Frequently Asked Questions

  1. Does Friskies still use artificial colors in 2025?
    Sunset Yellow and Titanium Dioxide were phased out in late 2023; current colorants are all natto-derived caramel and annatto.

  2. Can I feed Friskies dry as a standalone diet for my senior cat?
    Yes, if your vet confirms kidney values are stable and you provide ample fresh water; consider adding a splash of warm water to each meal.

  3. Why does my cat scoop out kibble with her paw?
    Whisker fatigue—deep bowls compress sensitive vibrissae. Switch to a shallow saucer and the paw-coffee-shop behavior usually stops.

  4. Is “poultry by-product meal” the same as “chicken meal”?
    No.
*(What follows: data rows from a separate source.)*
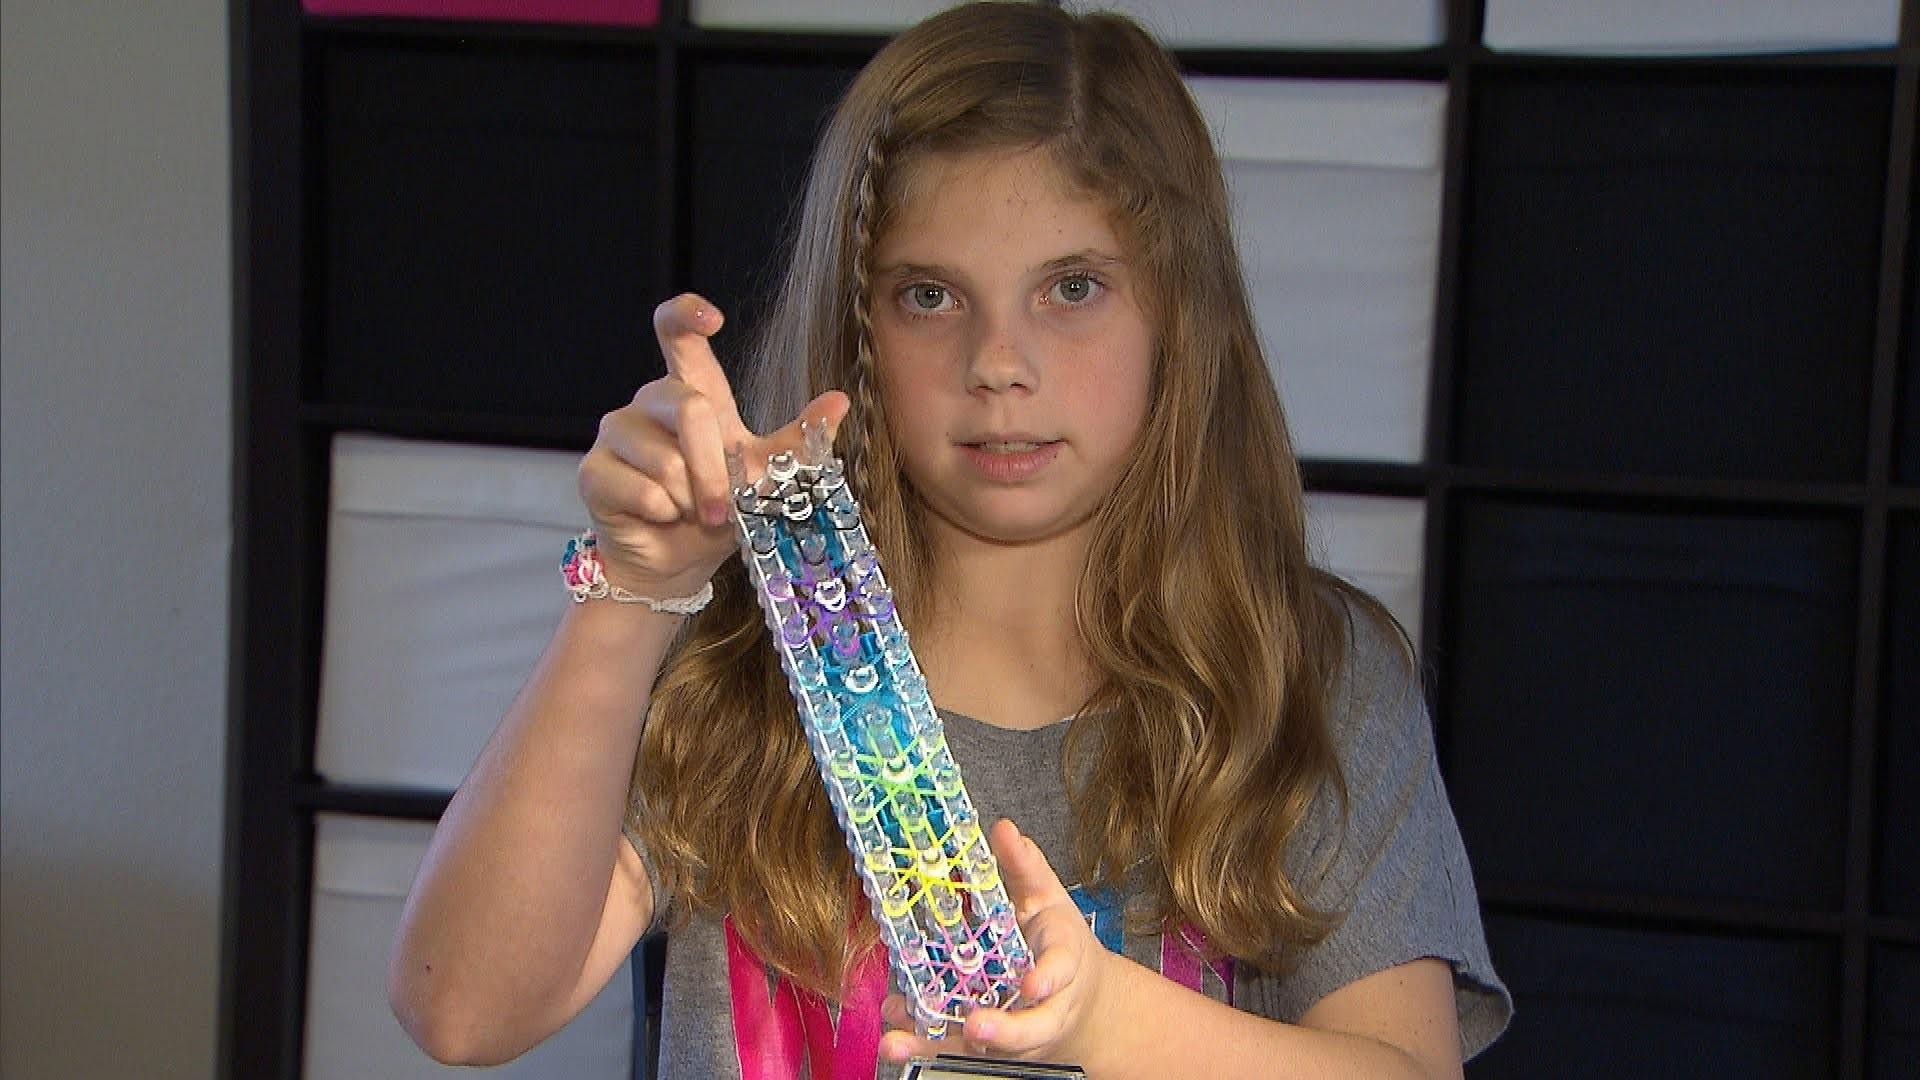 How To Make a Rainbow Loom Starburst Bracelet by Jillian
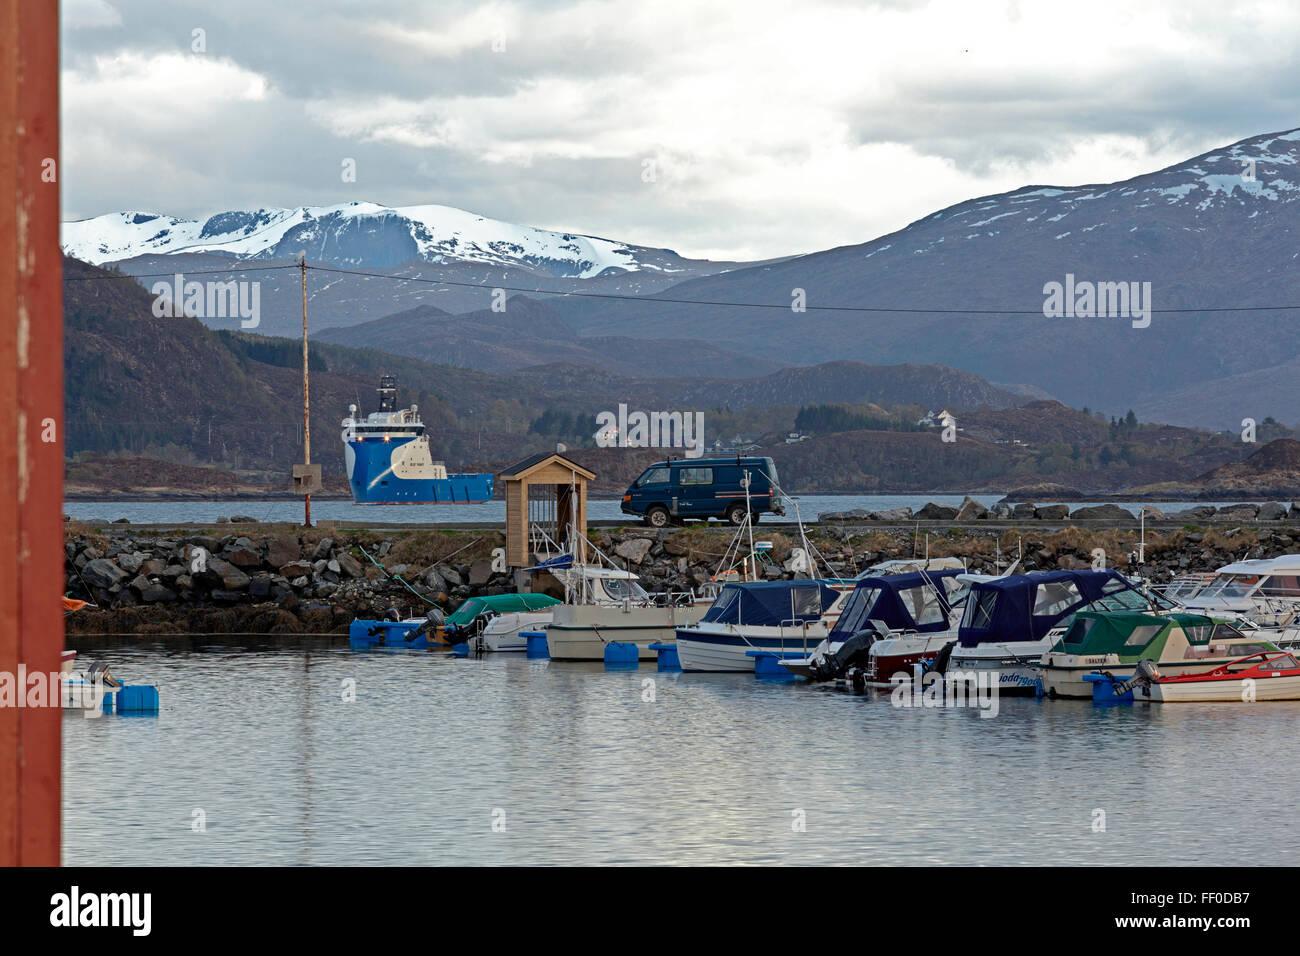 Platform Supply Vessel Stock Photos & Platform Supply Vessel Stock
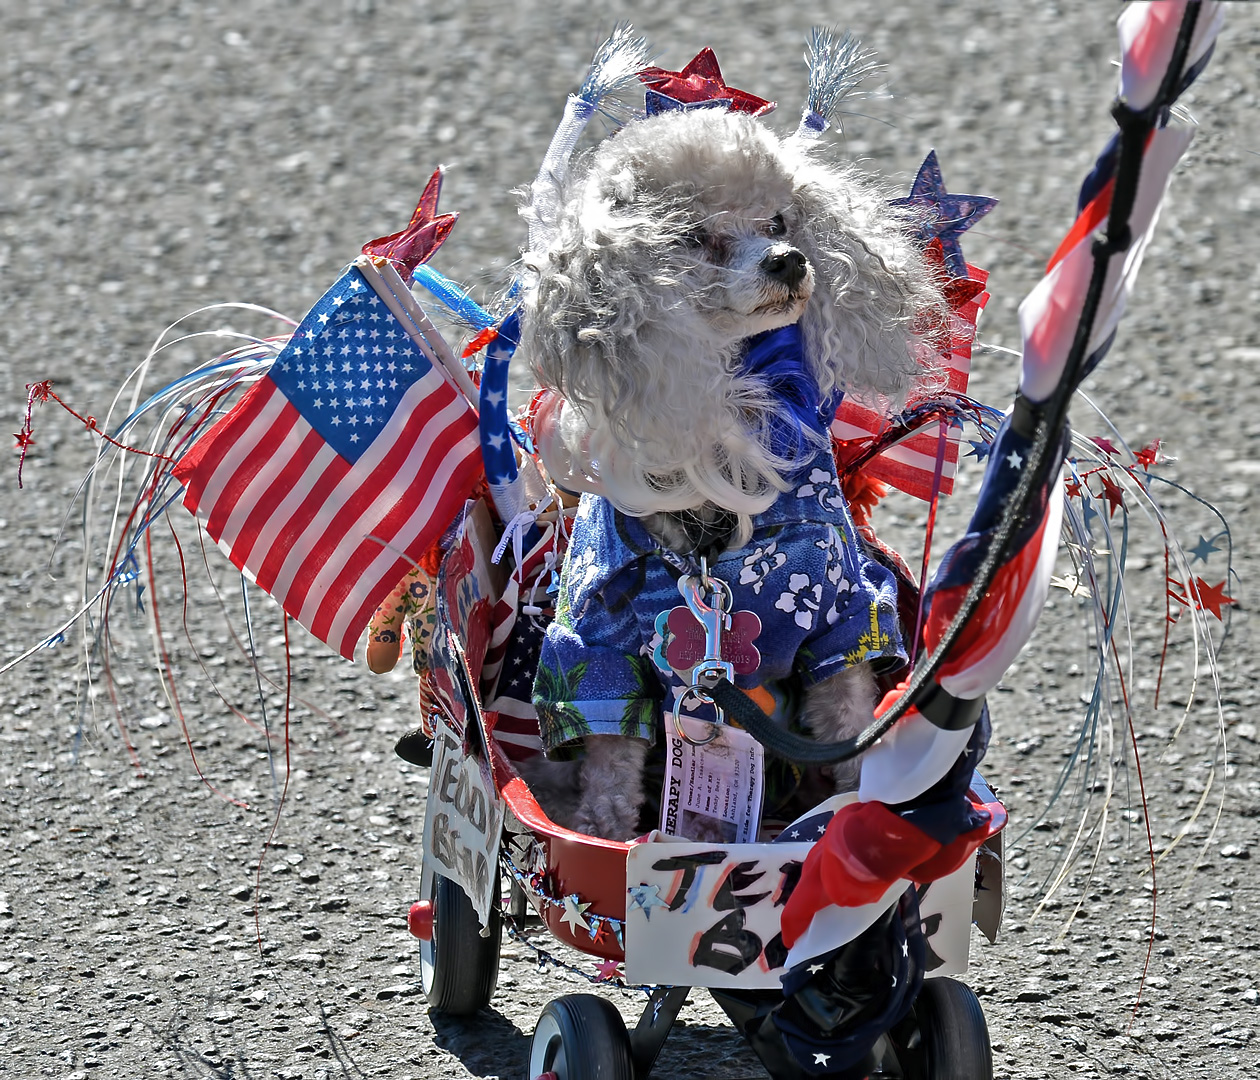 patriotic dog ashland 4th of July parade 2012
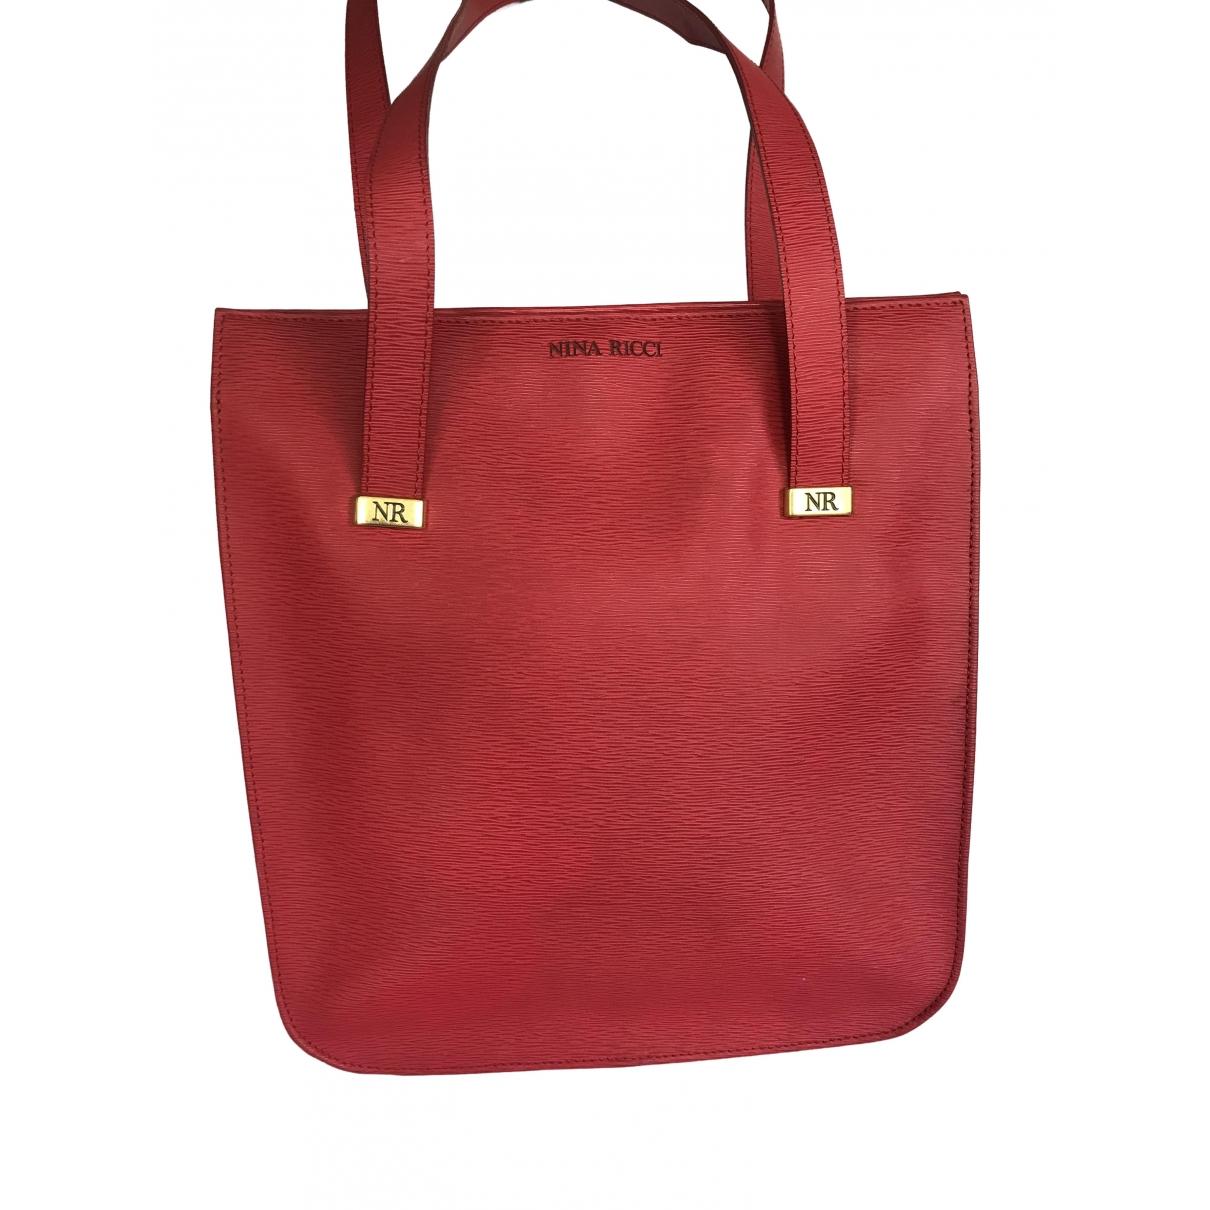 Nina Ricci \N Red Leather handbag for Women \N
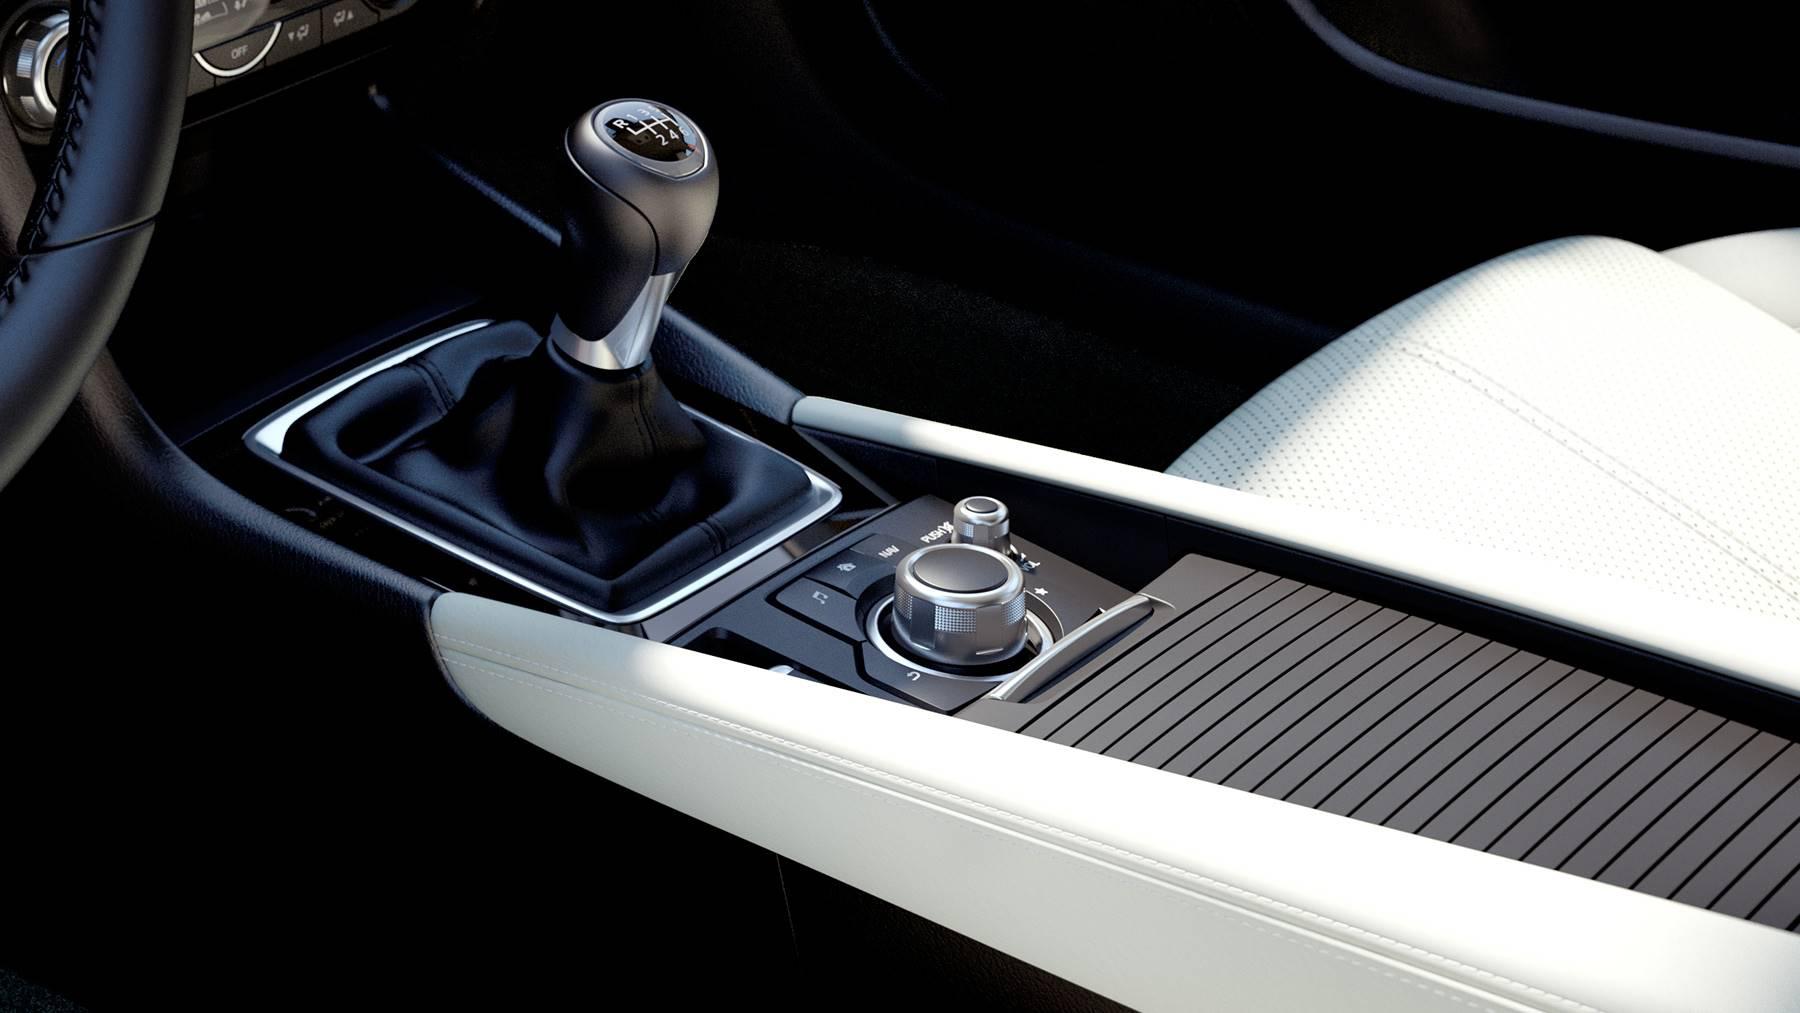 Gear Shift in the 2018 Mazda3

By-product meal can include organ meats and is nutritionally richer, but some owners avoid it for ethical reasons.

  5. How do I know if my cat dislikes the flavor versus the texture?
    Offer a single kernel as a treat; if she licks and abandons it, flavor is the issue. If she crunches half and spits the rest, texture is the culprit.

  6. Are there probiotics inside the classic line?
    Friskies adds dried Bacillus coagulans at 10^5 CFU/kg—helpful but not therapeutic; for GI disease ask your vet for a dedicated probiotic.

  7. What’s the sodium level, and is it safe for heart cats?
    Current recipes average 0.34 % sodium on a dry-matter basis—acceptable for asymptomatic heart cats but verify with your cardiologist.

  8. Can I bake homemade treats from crushed Friskies?
    Yes, but bake below 325 °F to preserve taurine; higher temps denature this amino acid within minutes.

  9. Why does the kibble size keep changing slightly?
    Extrusion die upgrades happen every 18–24 months; the change is usually <0.5 mm and within feline acceptance thresholds.

  10. Is the bag still recyclable if it has a greasy spot?
    Wipe off excess fat with a paper towel; minor residue is acceptable at store drop-off bins, but heavy grease can contaminate the batch.